*What the exercise asks*
Beginning with the line that contains "Fechikko VS Series", retype the entries below exactly, ending with the line that contains "Blackberry Vanilla Pudding Ingredients". Leave out any pictures.

*Supplied records*
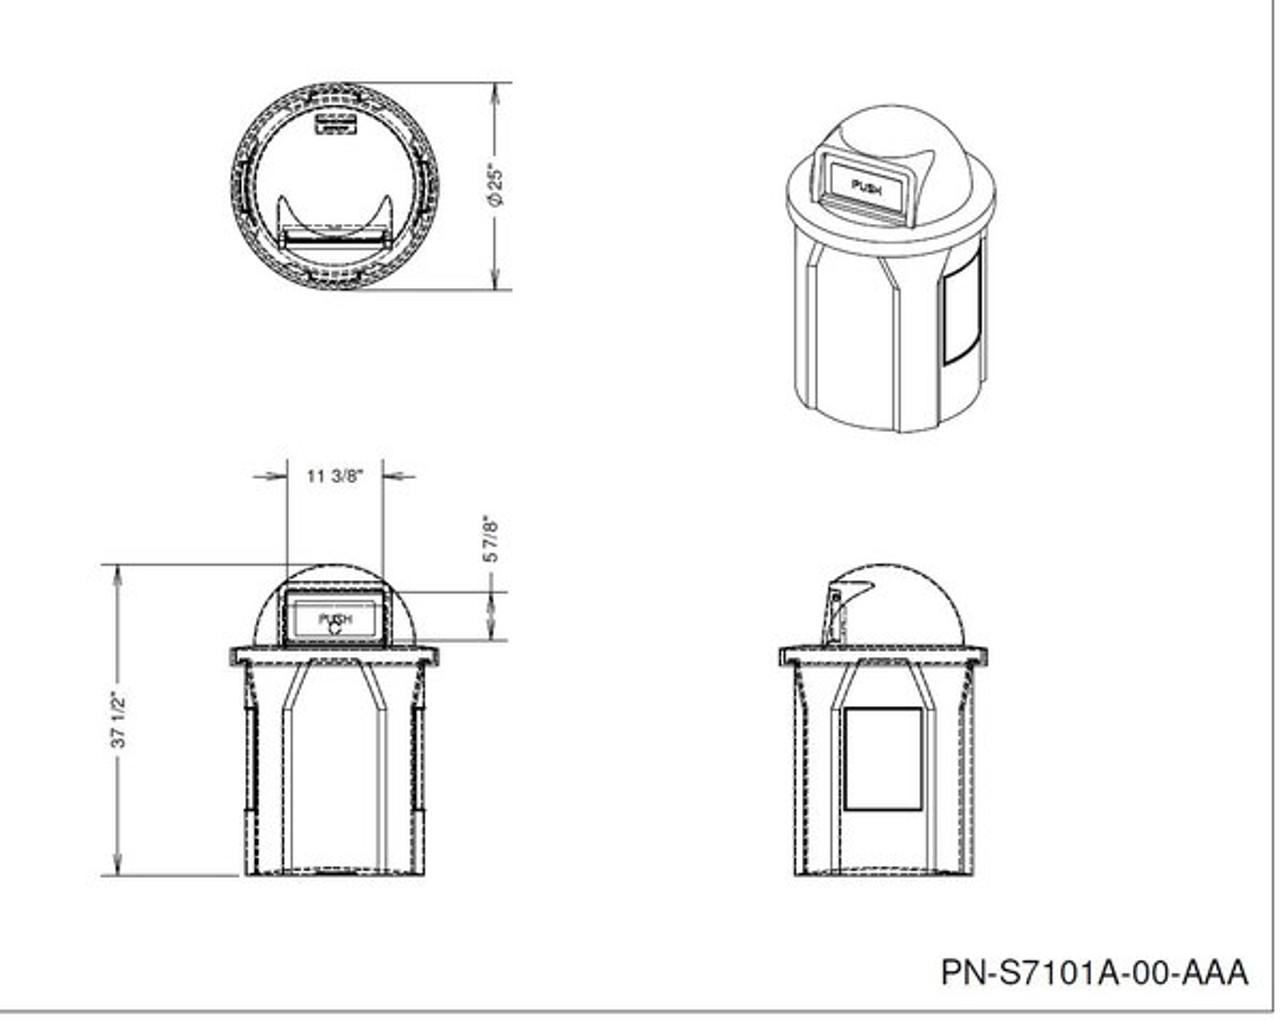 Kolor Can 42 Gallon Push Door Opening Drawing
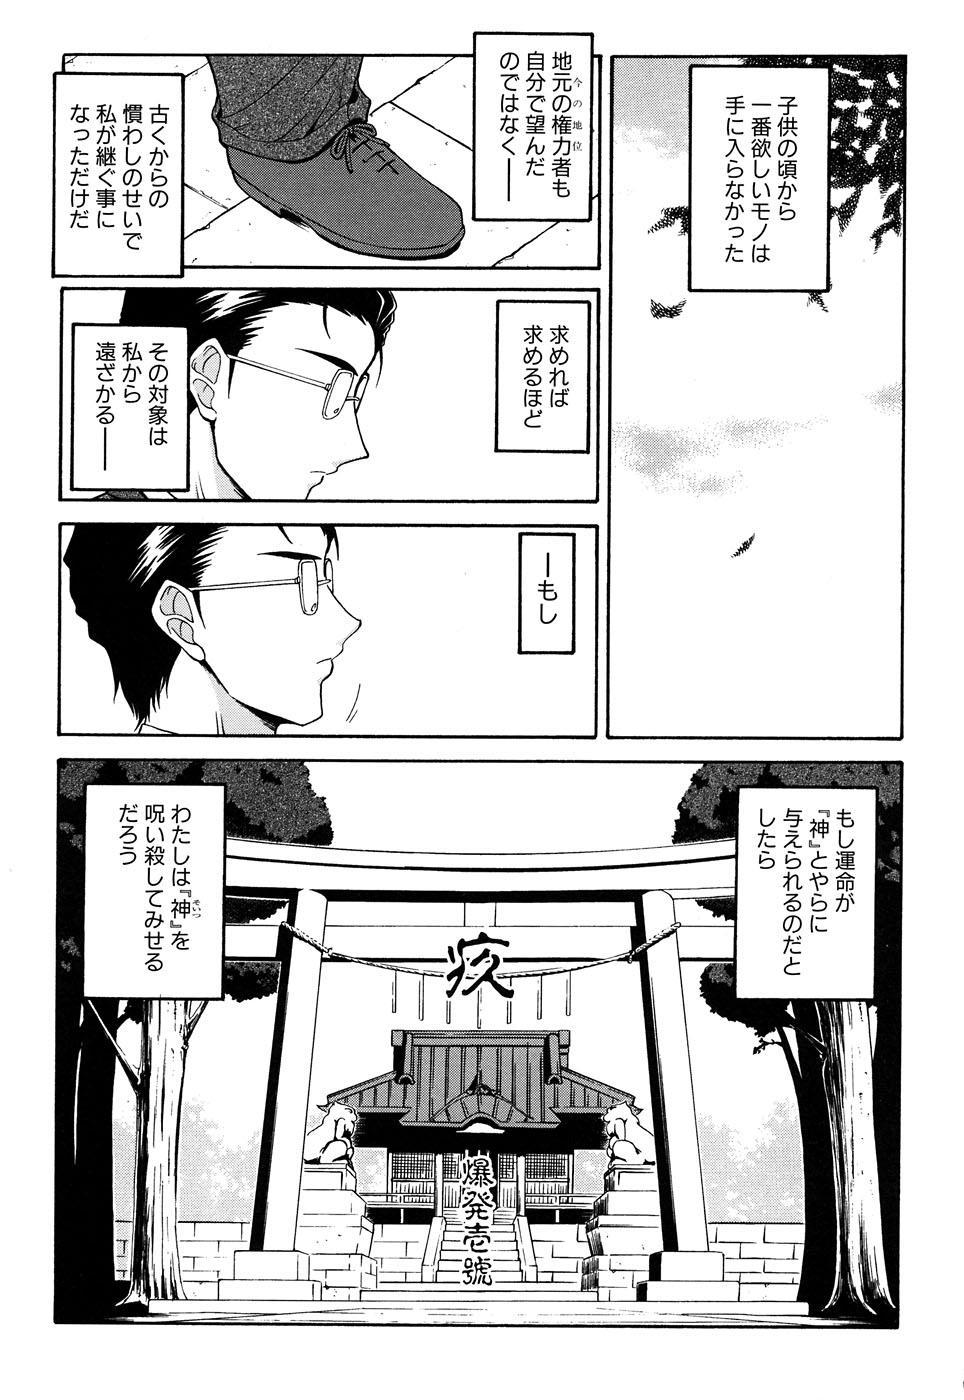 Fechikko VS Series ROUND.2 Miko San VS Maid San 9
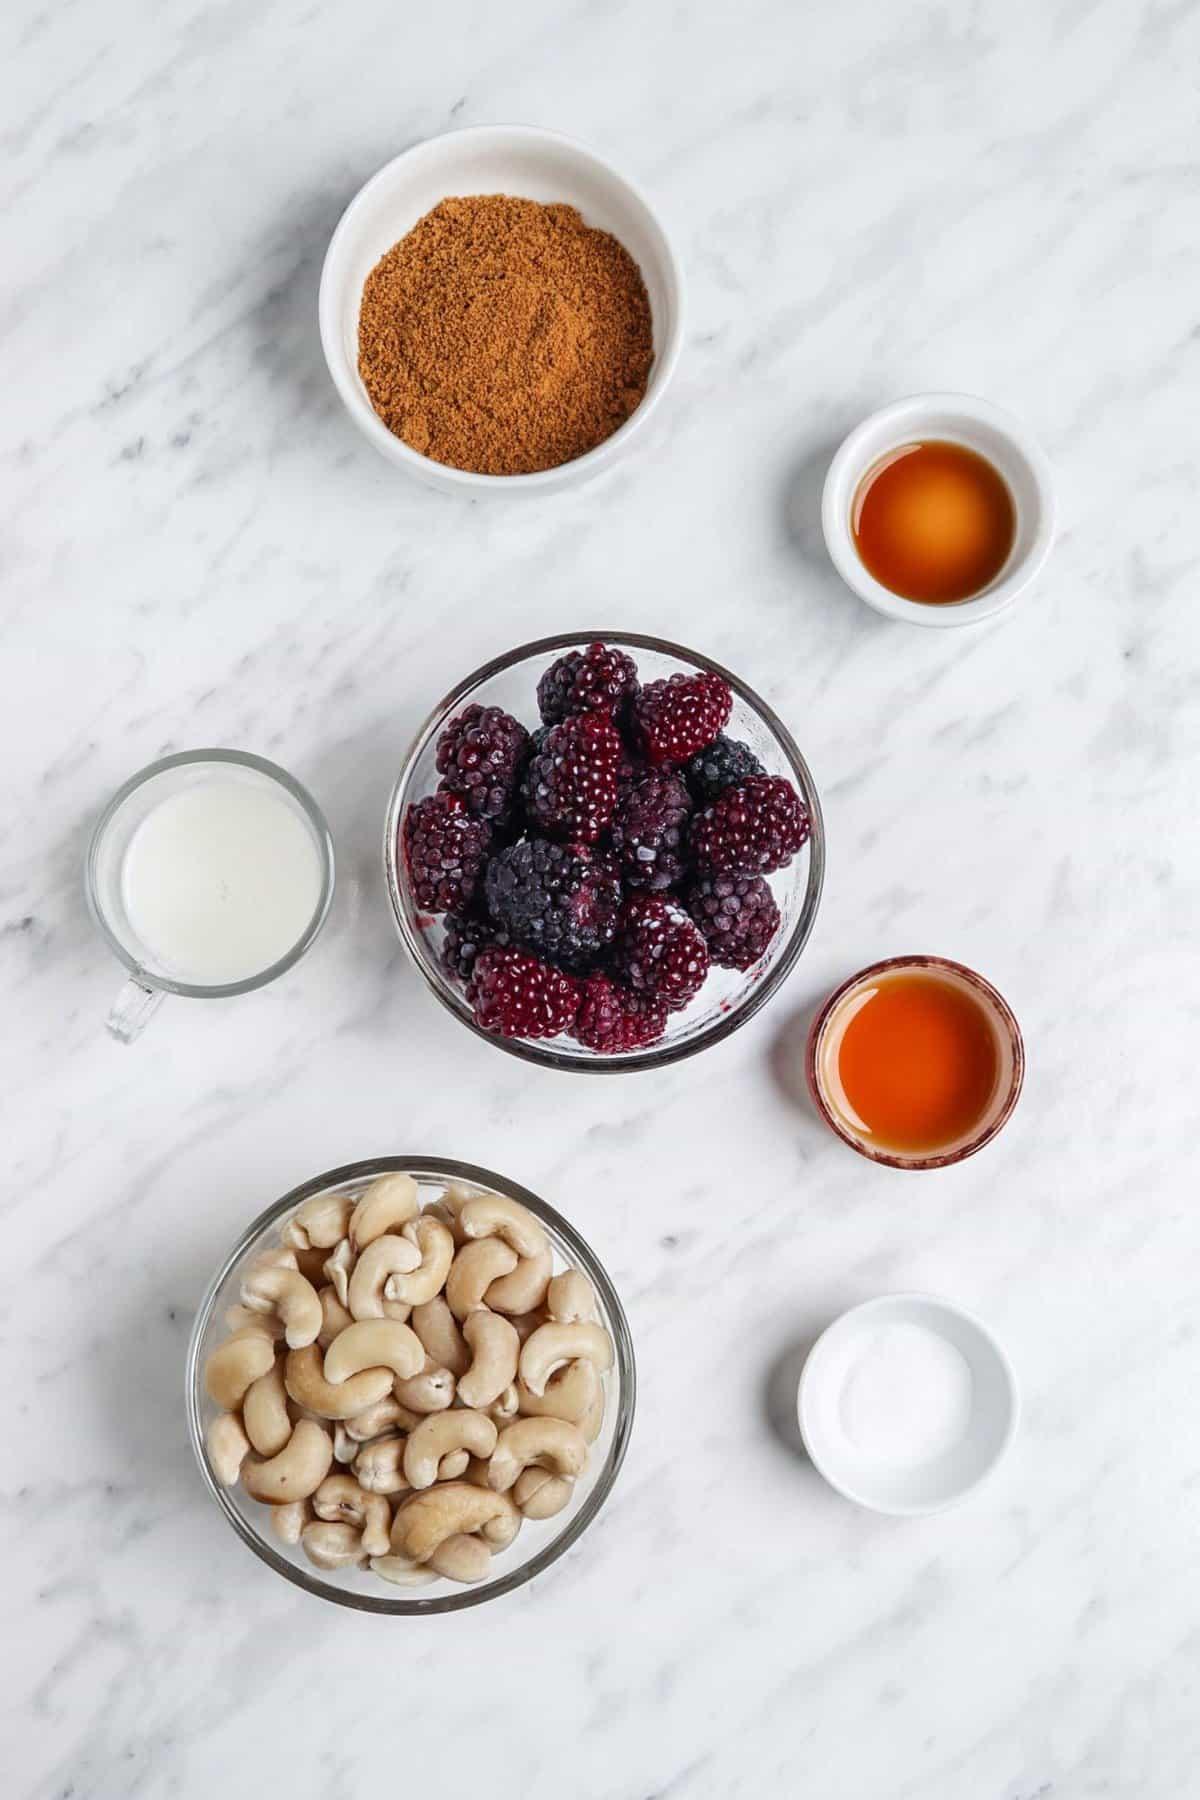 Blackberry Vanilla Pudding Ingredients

--

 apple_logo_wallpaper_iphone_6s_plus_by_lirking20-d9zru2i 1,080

---

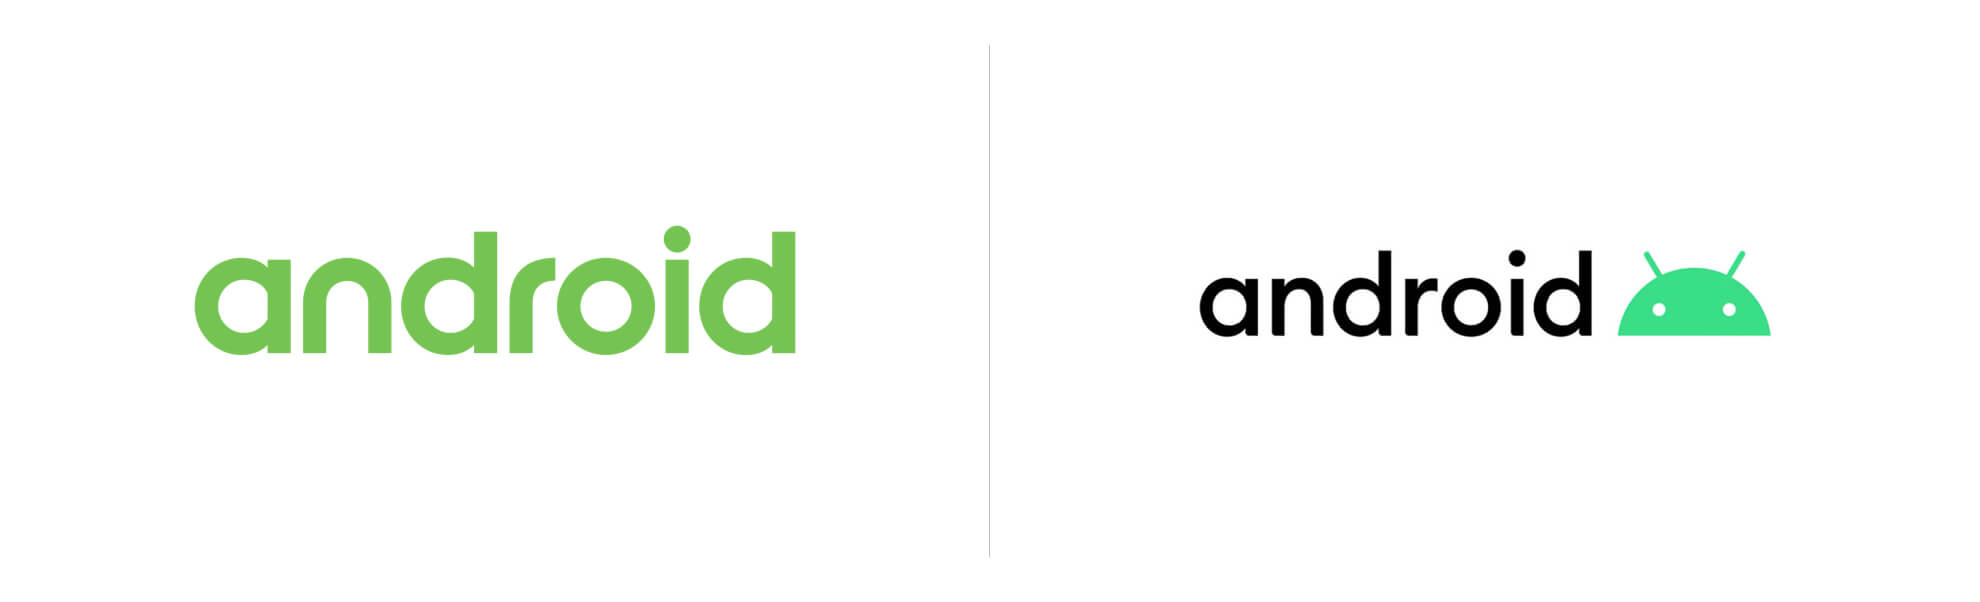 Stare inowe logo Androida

*Response*
 Fechikko VS Series ROUND.2 Miko San VS Maid San 9
 Blackberry Vanilla Pudding Ingredients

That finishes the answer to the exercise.